The 8 Neural Network Architectures Machine Learning Researchers Need to Learn

In this blog post, I want to share the 8 neural network architectures from the course that I believe any machine learning researchers should be familiar with to advance their work.

By James Le, Machine Learning Engineer on January 31, 2018 in Architecture, Deep Learning, Machine Learning, Neural Networks

comments

Why do we need Machine Learning?

Machine learning is needed for tasks that are too complex for humans to code directly. Some tasks are so complex that it is impractical, if not impossible, for humans to work out all of the nuances and code for them explicitly. So instead, we provide a large amount of data to a machine learning algorithm and let the algorithm work it out by exploring that data and searching for a model that will achieve what the programmers have set it out to achieve.

Let’s look at these 2 examples:

It is very hard to write programs that solve problems like recognizing a 3-dimensional object from a novel viewpoint in new lighting conditions in a cluttered scene. We don’t know what program to write because we don’t know how it’s done in our brain. Even if we had a good idea about how to do it, the program might be horrendously complicated.
It is hard to write a program to compute the probability that a credit card transaction is fraudulent. There may not be any rules that are both simple and reliable. We need to combine a very large number of weak rules. Fraud is a moving target but the program needs to keep changing.

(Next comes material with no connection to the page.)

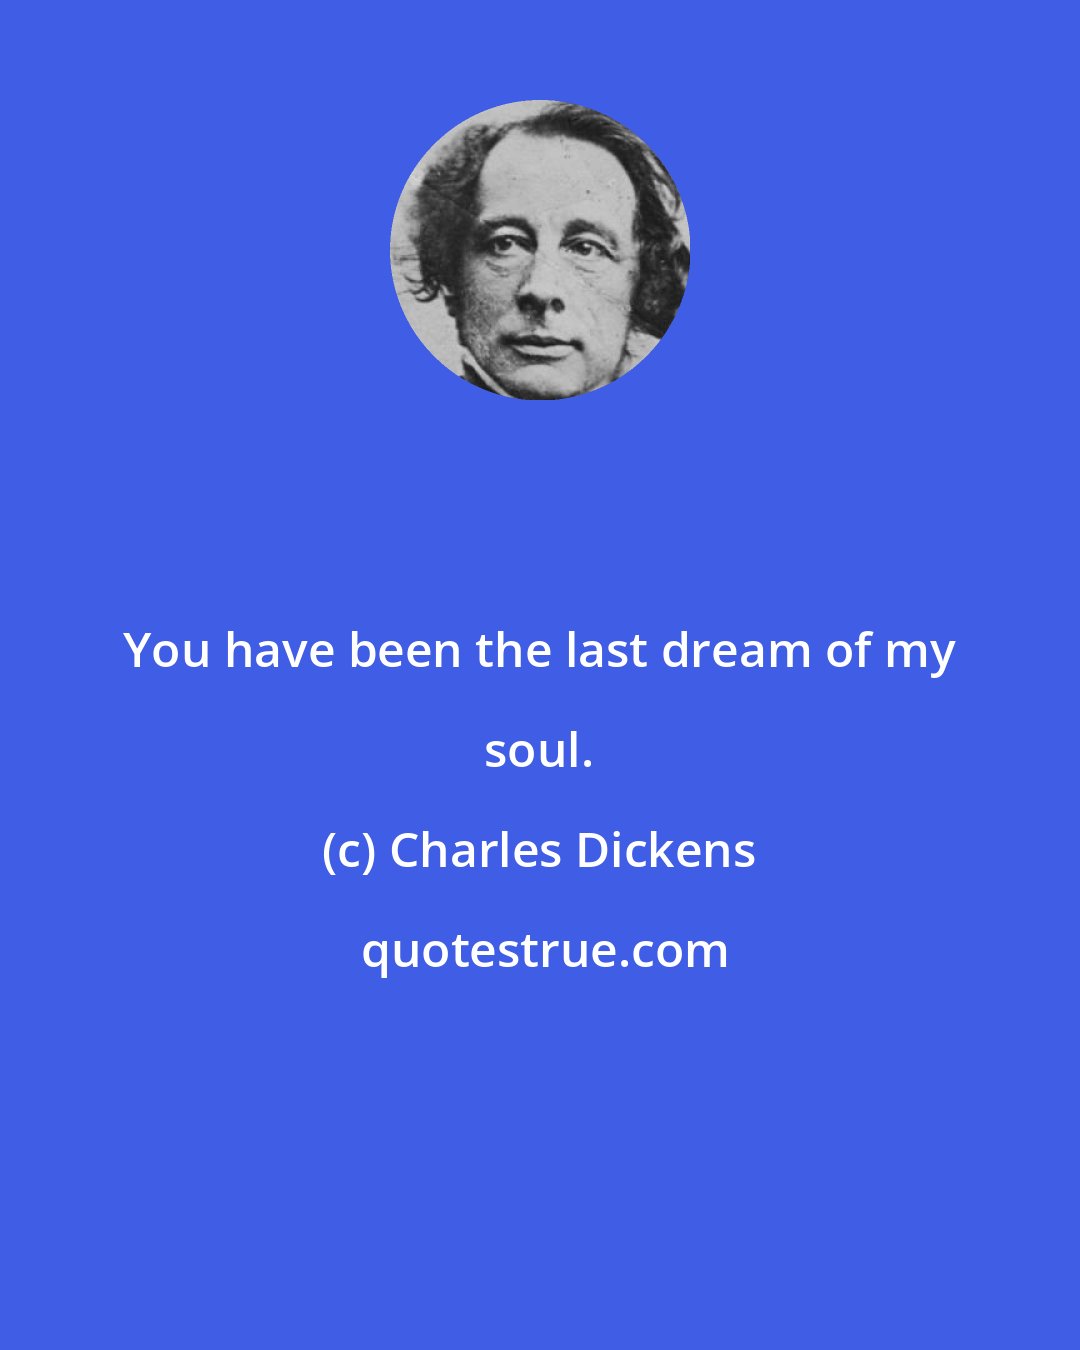 Charles Dickens: You have been the last dream of my soul.

Then comes the Machine Learning Approach: Instead of writing a program by hand for each specific task, we collect lots of examples that specify the correct output for a given input. A machine learning algorithm then takes these examples and produces a program that does the job. The program produced by the learning algorithm may look very different from a typical hand-written program. It may contain millions of numbers. If we do it right, the program works for new cases as well as the ones we trained it on. If the data changes the program can change too by training on the new data. You should note that massive amounts of computation are now cheaper than paying someone to write a task-specific program.

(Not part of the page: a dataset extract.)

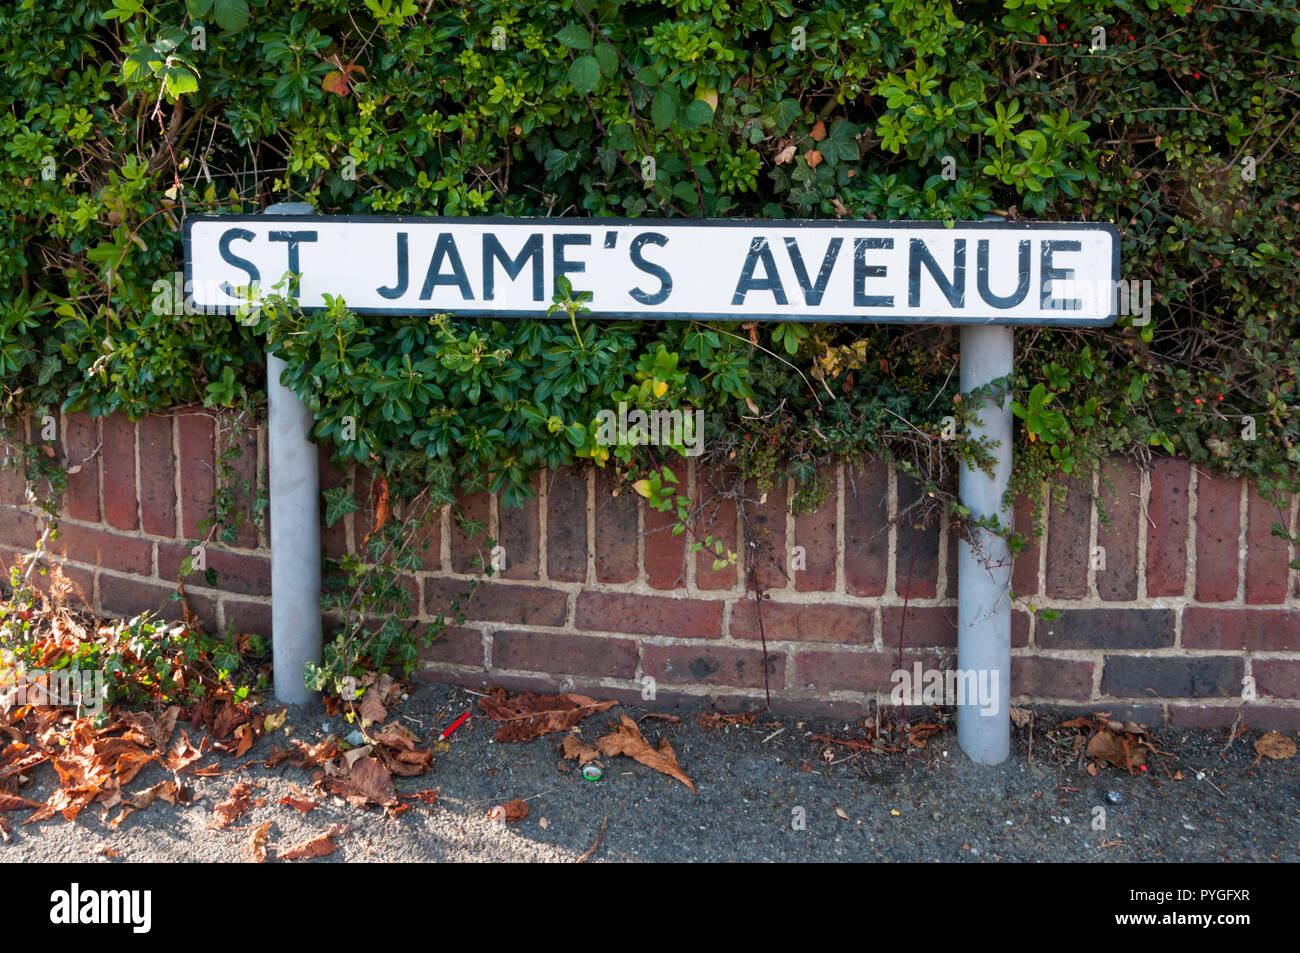 Street name sign reads St Jame's Avenue, with an incorrectly placed apostrophe. Stock Photo

Given that, some examples of tasks best solved by machine learning include:

Recognizing patterns: Objects in real scenes, Facial identities or facial expressions, Spoken words
Recognizing anomalies: Unusual sequences of credit card transactions, Unusual patterns of sensor readings in a nuclear power plant
Prediction: Future stock prices or currency exchange rates, Which movies will a person like

What are Neural Networks?

Neural networks are a class of models within the general machine learning literature. So for example, if you took a Coursera course on machine learning, neural networks will likely be covered. Neural networks are a specific set of algorithms that has revolutionized the field of machine learning. They are inspired by biological neural networks and the current so called deep neural networks have proven to work quite very well. Neural Networks are themselves general function approximations, that is why they can be applied to literally almost any machine learning problem where the problem is about learning a complex mapping from the input to the output space.

Here are the 3 reasons to convince you to study neural computation:

To understand how the brain actually works: It’s very big and very complicated and made of stuff that dies when you poke it around. So we need to use computer simulations.
To understand a style of parallel computation inspired by neurons and their adaptive connections: It’s a very different style from a sequential computation.
To solve practical problems by using novel learning algorithms inspired by the brain: Learning algorithms can be very useful even if they are not how the brain actually works.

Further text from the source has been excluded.